Dr. Paul Auerbach is the world's leading outdoor health expert. His blog offers tips on outdoor safety and advice on how to handle wilderness emergencies.See all posts »
Book Review: Heading Outdoors Eventually Leads Within
Everyone walks. What distinguishes hikers is that walking does more than transport us, it transforms us. But nowhere is the thoughtful undercurrent of hiking celebrated. The wisdom we glean from the wilds is a match lit in the rain. That's why we created this book: to cup our hands around the flame. These journal entries are the mental waypoints we recorded while hiking 30,000 miles / 48,280 km (more than the circumference of the Earth) through wildlands worldwide. Accompanying them are photos of the places (primarily the Canadian Rockies, Utah canyon country, and New Zealand) where we conceived and noted the initial ideas. We hope our words and images compel you to recognize, voice, own and honour the thoughts arising from within while heading outdoors. Doing so will deepen your fulfillment. A truly adventurous life is contemplative as well as vigourous.
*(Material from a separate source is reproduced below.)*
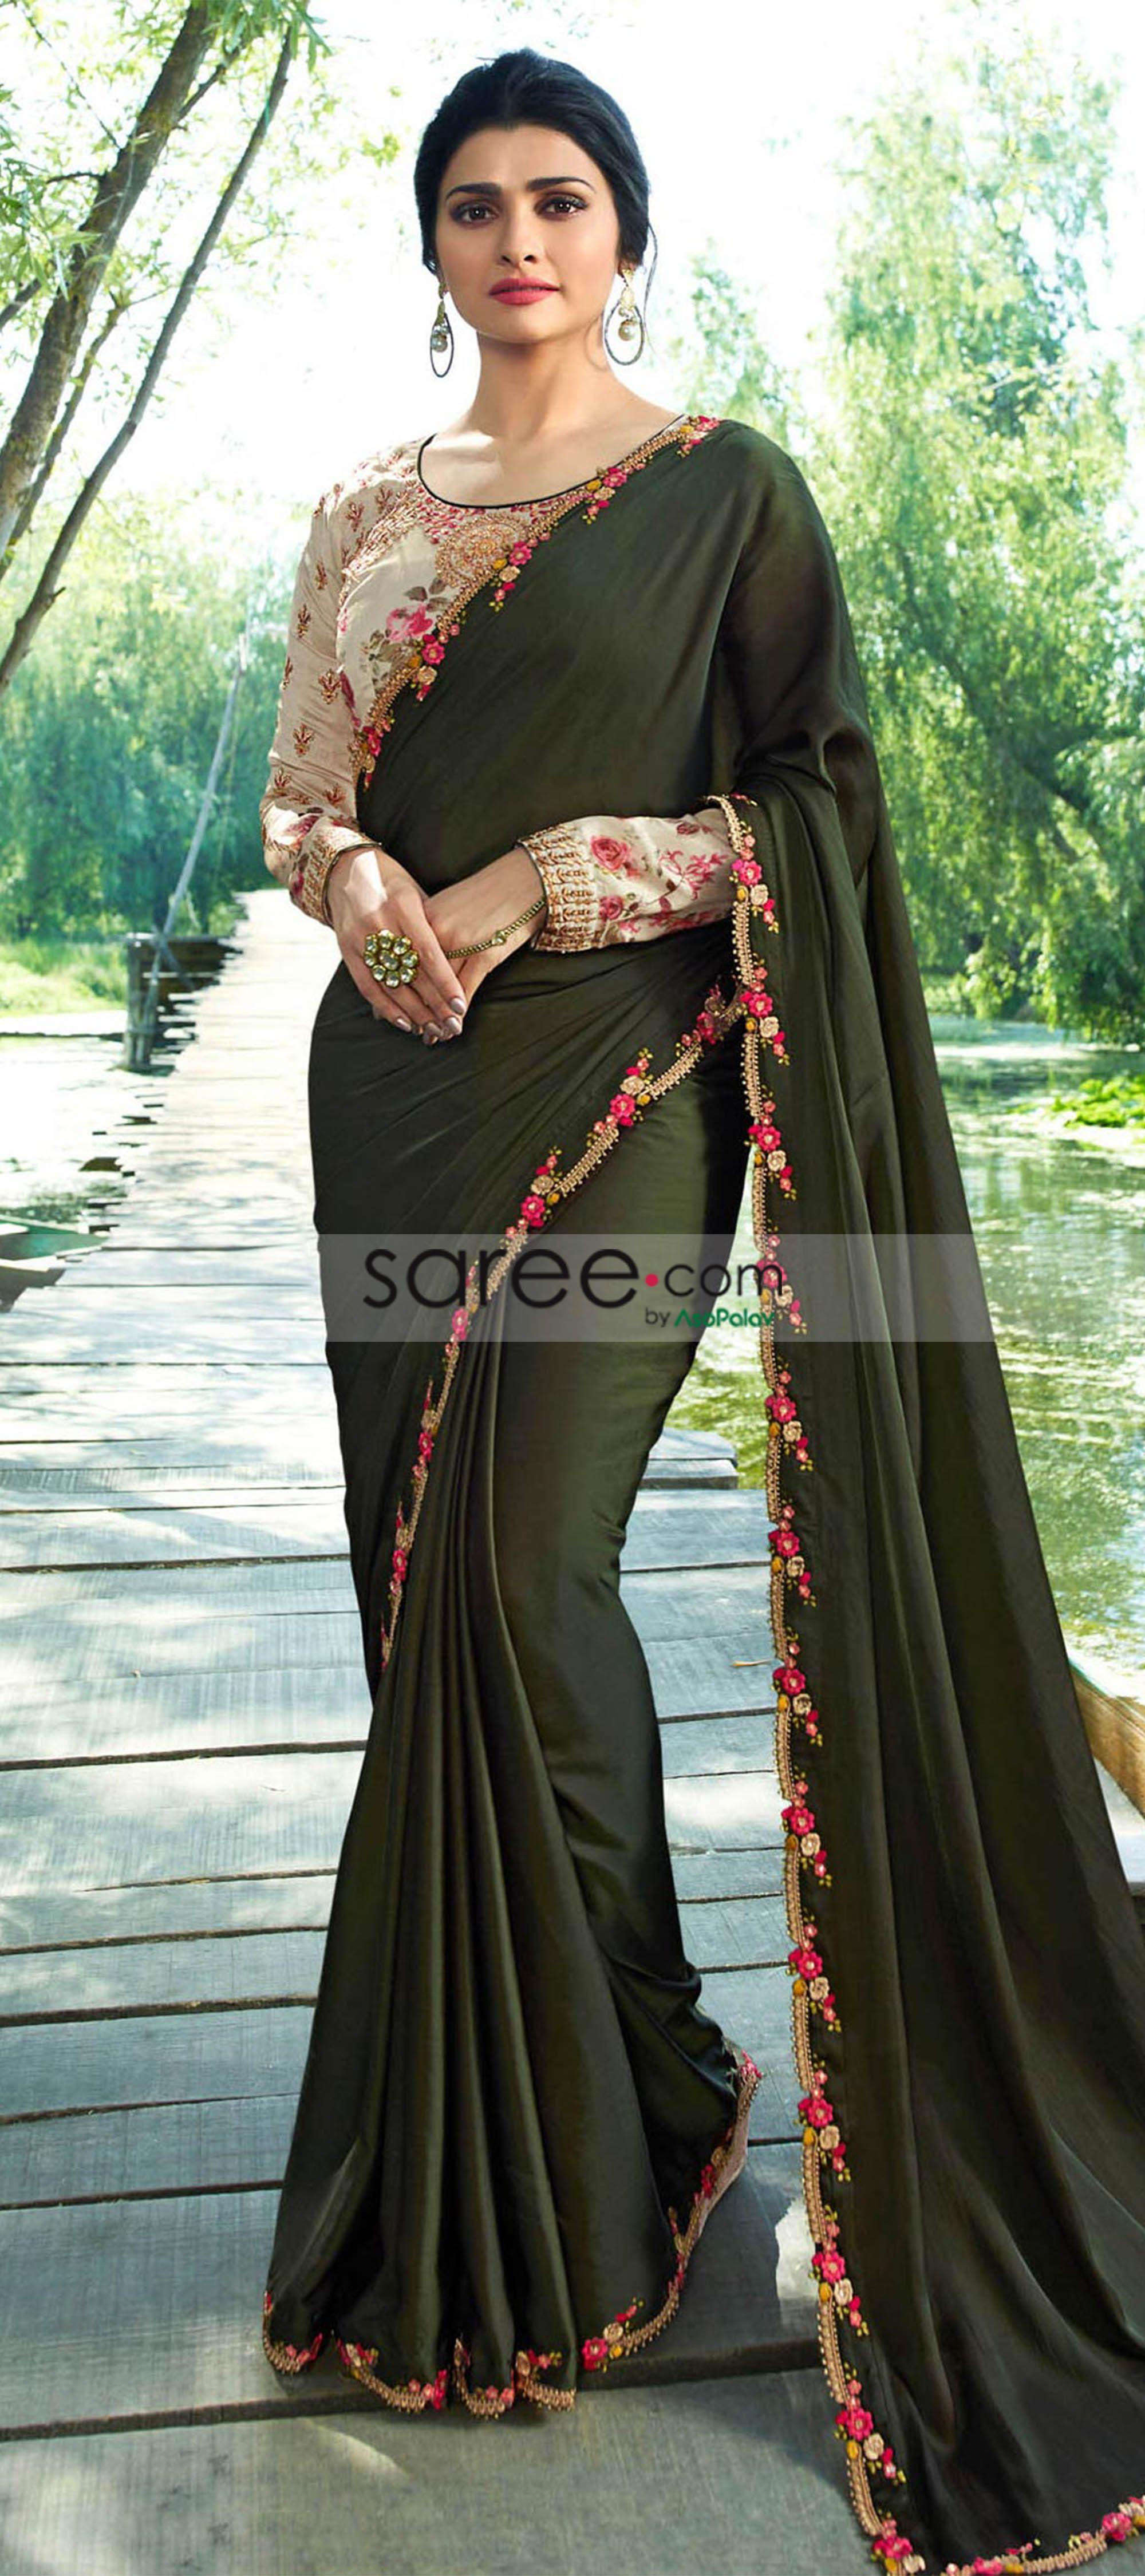 41693dcf292139 Prachi Desai Olive Green Satin Silk Plain Saree With Designer Blouse. OLIVE GREEN  PARTY WEAR SAREE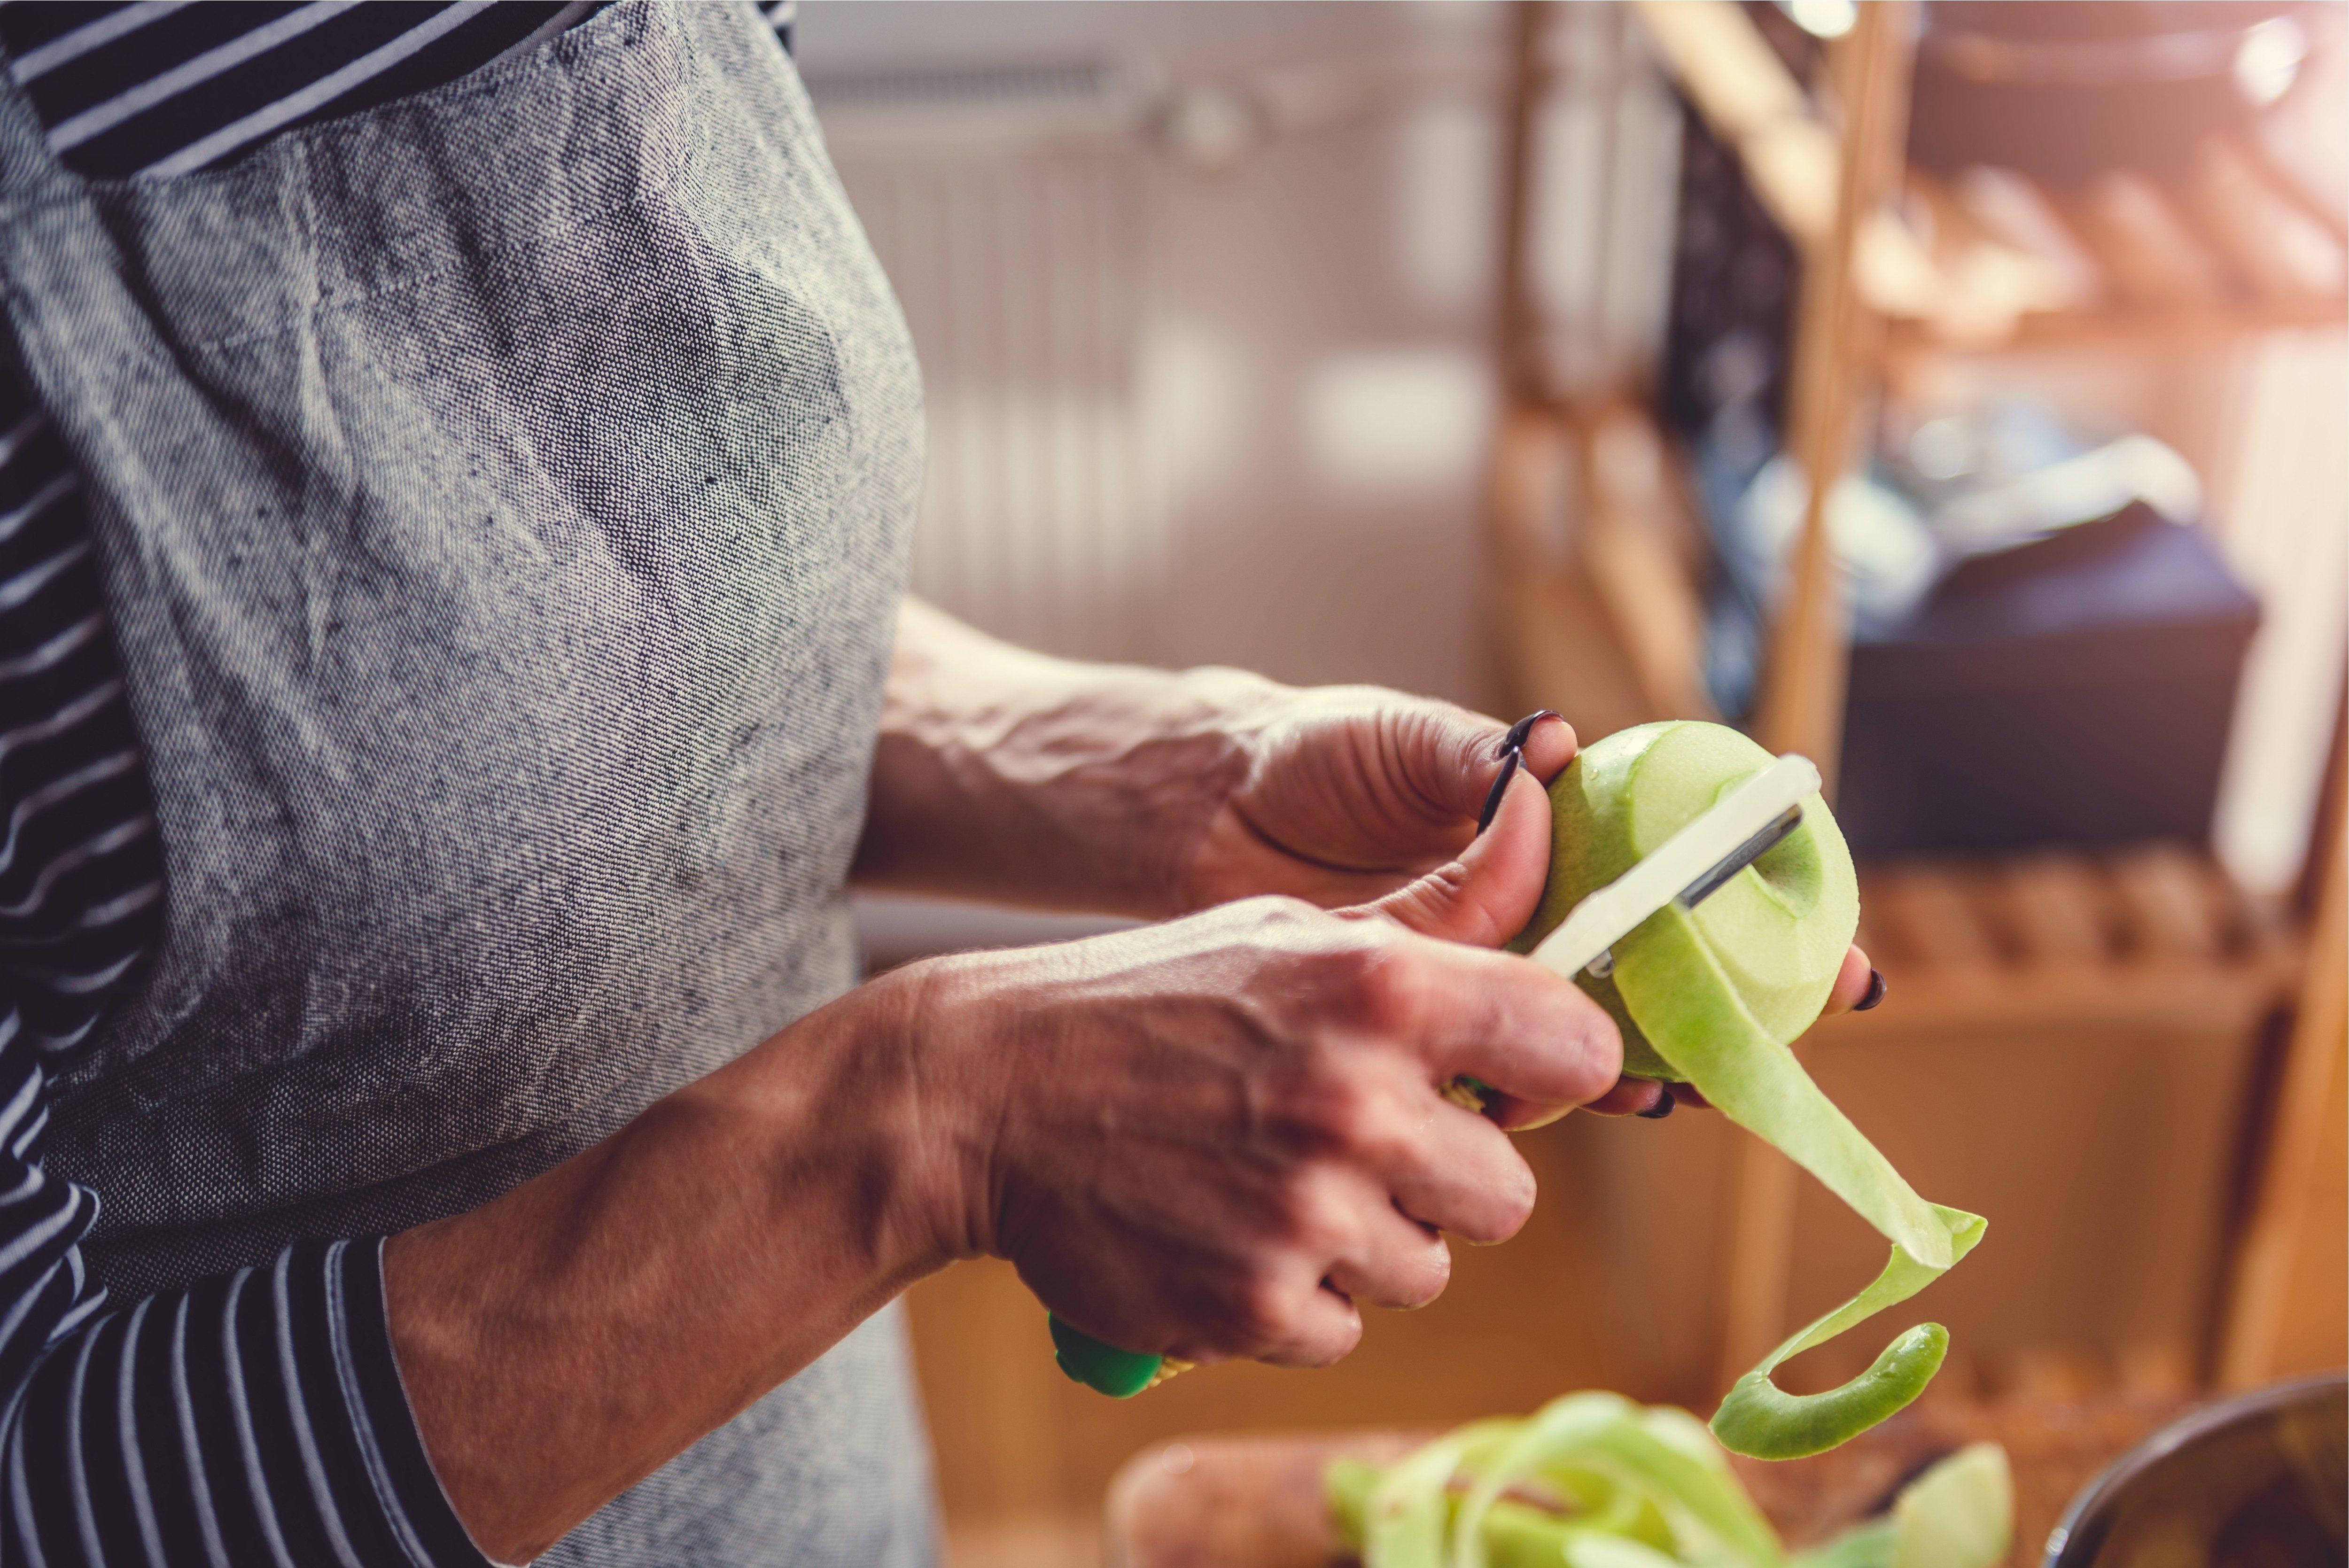 bad cooking habits peeling fruit

By Craig and Kathy Copeland
hardcover, 96 pages, full colour
1st edition January 2011
Suggested retail price $20 Canada
It is important for me to state at the outset that my opinions, like those expressed in most book reviews, are highly personal. What I write about Healing Outdoors Eventually Leads Within are my impressions, and you may not agree with them. I am beginning with this comment because I truly had mixed feelings about the book. There were parts that seemed right on target, for me personally, and parts that seemed to miss the mark. I am certain that the authors have great pride in their work, and they are to be congratulated for their efforts.
The book is essentially composed of photographs of backpackers or scenery, or both, presented alongside aphorisms written by the authors. The opinion is repeatedly expressed that solitude and silence are essential elements for enjoying the wilderness experience. In overt and implied passages, any semblance of a crowd on the trails is taboo. Hikers are portrayed for the aesthetics of their activities, up to and including their characterization as “temporary monks.”
“Nature massages your brain. Caressing your cortex with beauty, kneading your cerebrum with soothing sounds, it softens your stentorian intellect, so you can hear the quiet, pure voice within.” This is the literary equivalent of aromatherapy. It will appeal to some, but not to others. Then, “Determining the genus or species of a flower is very different than just being with it, appreciating its hues, patterns, textures, complexity, vulnerability, tenacity. Objectifying nature prevents the wonder of it from touching your soul.” I disagree. As a scientist concerned with finding a way to make the wilderness relevant (for the sake of its preservation), I am moved to action by both its beauty and worldly purposes.
There is common sense: “Wilderness reminds us how beautiful the world is and how fortunate we are, but also how dispassionate, unpredictable and hazardous the world is, and how vulnerable we are.” That is certainly true. And lest one think that this reviewer is insensitive, I really appreciated the following: “Wherever nature is grand or vast, people say, ‘Oh, I feel so small, so insignificant.’ They’re just parroting a cliché. I don’t feel diminished by nature. Witnessing nature makes me feel grand and vast. It heightens my awareness, fills my senses, lofts my emotions, expands my appreciation. Being indoors is what makes me feel small and insignificant.” Well done. However, I didn’t understand what was meant by, “Nature fathoms and responds to your recognition.” Nature comprehends? It responds to my recognition? Do I understand nature? Do I honor it? Either way, how does nature respond? Perhaps nature comprehends, but I do not.
The authors admit that hikingcamping.com publishes books that are “…literate, entertaining, opinionated…” This book is some of the first two and a fair amount of the third. The images are good, sometimes striking, but the white pages with the stenciled letters are harsh surprises that break up the flow.
In summary, there were some insights (“It’s a lazy monarch who never surveys the kingdom. Walk the earth. It’s a stewardship requirement.”) and some non-sequiturs (“Because other people remind us of ourselves, which is precisely what we’re out there to lose.”). The authors write that “Hiking is a conversation with the earth. If more people today participated in this dialogue, as their ancestors did, contemporary society might regain its bearings.” I couldn’t agree more. But Kathy and Craig Copeland seem to want people to do it one at a time, alone and quiet. That is an elitist approach that excludes youth groups, trekkers, clean-up crews, and me and most of my friends.
This book will resonate with some readers and not with others. I am convinced that it was written by people with good intentions—they are members of 1% For the Planet (businesses that donate one percent of their sales to the natural environment). For the price, it’s a fair gift for someone who loves to hike and is looking for meaning.